Calculating how far each athlete has travelled to participate in the games

Now that we have lat/long pairs of 1) where the athlete lives, and 2) where the games is being held, we can calcuate the Vincenty distance (from GeoPy).

The Vincenty distance is the geodesic distance between two points on the earth, taking into account the Earth's elliptic shape; using Vincenty’s method.

In [27]:
def calculate_vincenty_distance(distances) : 
    '''
    This function first creates (Latitude, Longitude) tuples for both the Athletes Home City and the Olympic Host City. 
    Then, calculates a new column 'vincenty_distance' using np.vectorize (as the vincenty method requires two inputs)
    
    Inputs: distances - dataframe with cols = ['CapitalLatitude', 'CapitalLongitude', 'HostLatitude', 'HostLongitude']
    Outputs: same dataframe with new column ['vincenty_distance']
    '''
        
    distances['AthleteLatLong'] = list(zip(distances.CapitalLatitude, distances.CapitalLongitude))
    distances['HostCityLatLong'] = list(zip(distances.HostLatitude, distances.HostLongitude))
    distances['vincenty_distance'] = np.vectorize(geodesic)(distances['AthleteLatLong'], distances['HostCityLatLong'])
    
    return distances

# create a new dataframe away from the original data, and then concat back into the original dataframe
new_data = data
distances = new_data.ix[:, ['CapitalLongitude', 'CapitalLatitude','HostLongitude','HostLatitude']]

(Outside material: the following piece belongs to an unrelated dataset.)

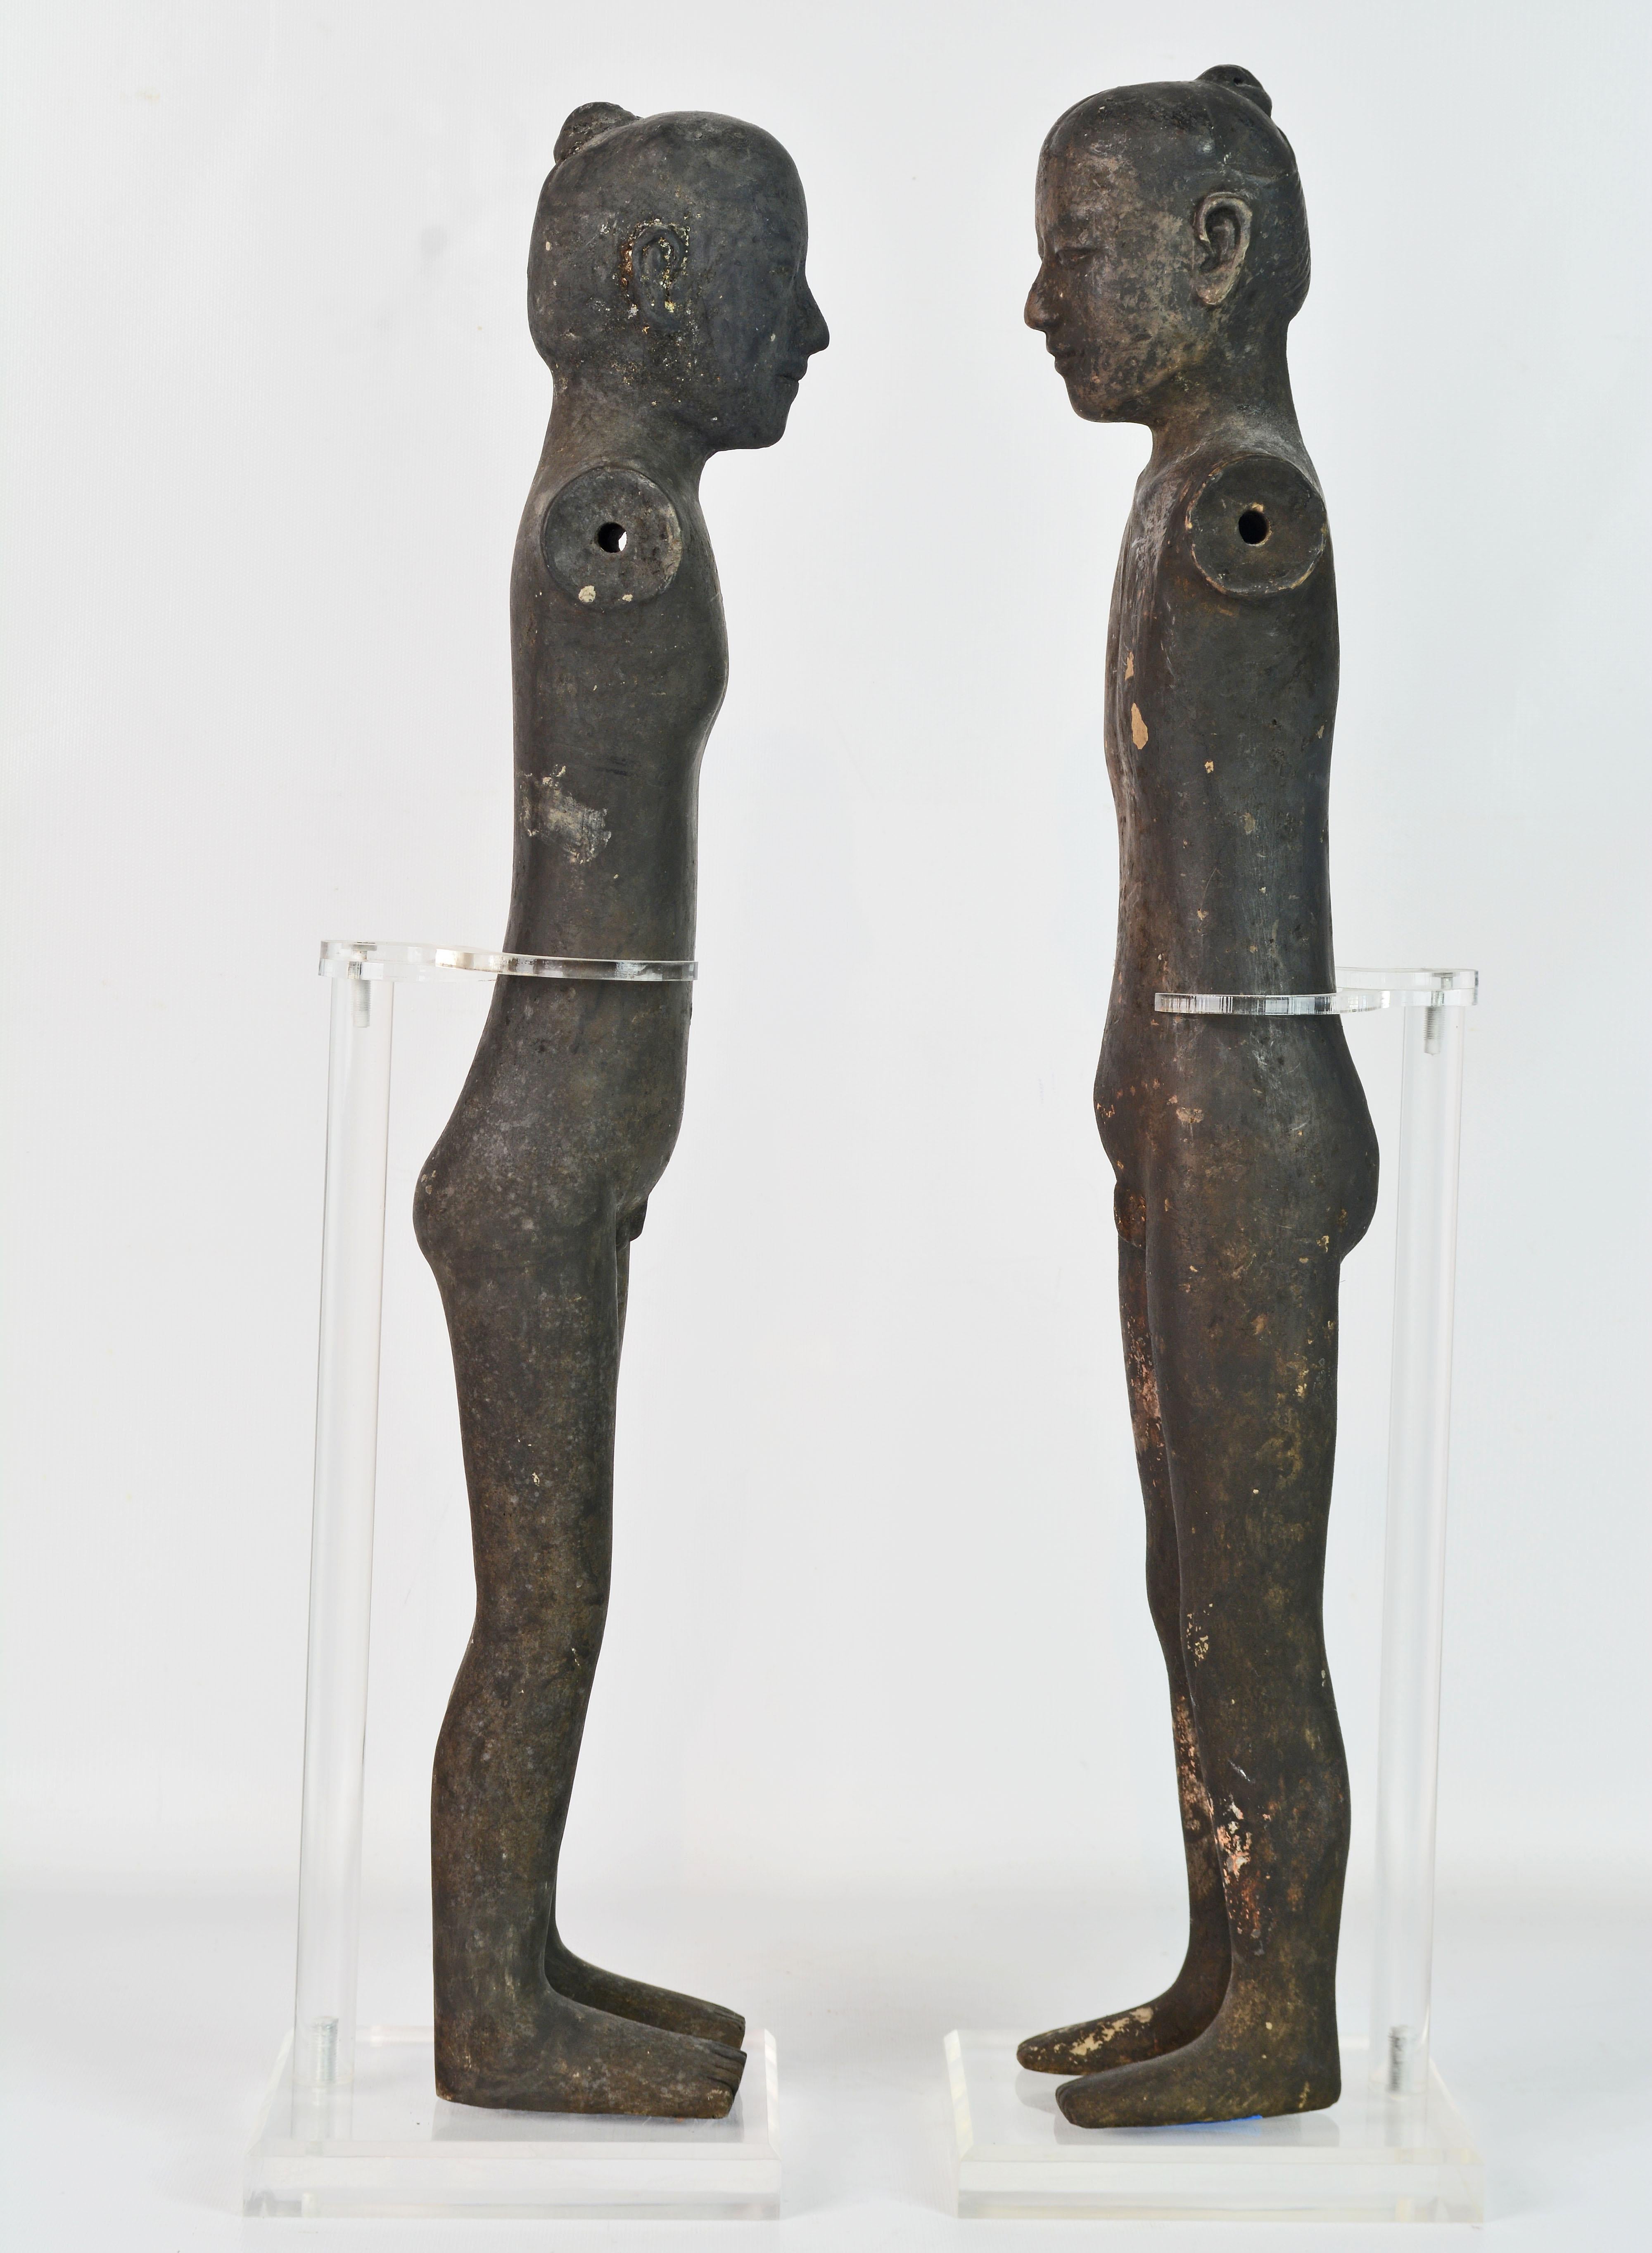 Two Chinese style of Han Dynasty models of tall slender men called stick figures because of their elongated shape.
These naked figures would originally have had clothing and wooden arms, which have long since perished. Their faces are expressive,

#normally I'd one class for all unit tests, but I've created a new one here for code readability in a notebook. 
class TestCalculations(unittest.TestCase):
    # Create the unit test
    def test_vincenty_calculation(self):
        #create a test tuple of data from the first row of 'data' dataframe
        athleteLatLong0 = (39.91666667, 116.383333) # first row
        
        #create a test tuple of data from the first row of 'data' dataframe
        hostLatLong0 = (41.3828939, 2.1774322) 
        
        #calculate the vincenty distance on the test data
        distanceTest = geodesic(athleteLatLong0, hostLatLong0).km
        
        #calculate vincenty distance using our function calculate_vincenty_distance
        calculate_vincenty_distance(distances)
        
        # get the result of the first row
        function_output = distances.loc[0,'vincenty_distance']
        
        # Test that the result of the two method asserts equal. 
        self.assertAlmostEqual(function_output, distanceTest,5)
        
 # Run the test 
unittest.main(argv=['ignored', '-v'], exit=False)        
test_vincenty_calculation (__main__.TestCalculations) ... ok
test_mapping (__main__.TestMapping) ... ok

----------------------------------------------------------------------
Ran 2 tests in 88.062s

OK
Out[27]:
<unittest.main.TestProgram at 0x103e642e8>

Merge the new vincenty_distance back into main dataframe

In [28]:
#cast the vincenty distance from Distance ojbect to float 
distances['vincenty_distance'] = distances['vincenty_distance'].astype(str).str[:-3].astype(float)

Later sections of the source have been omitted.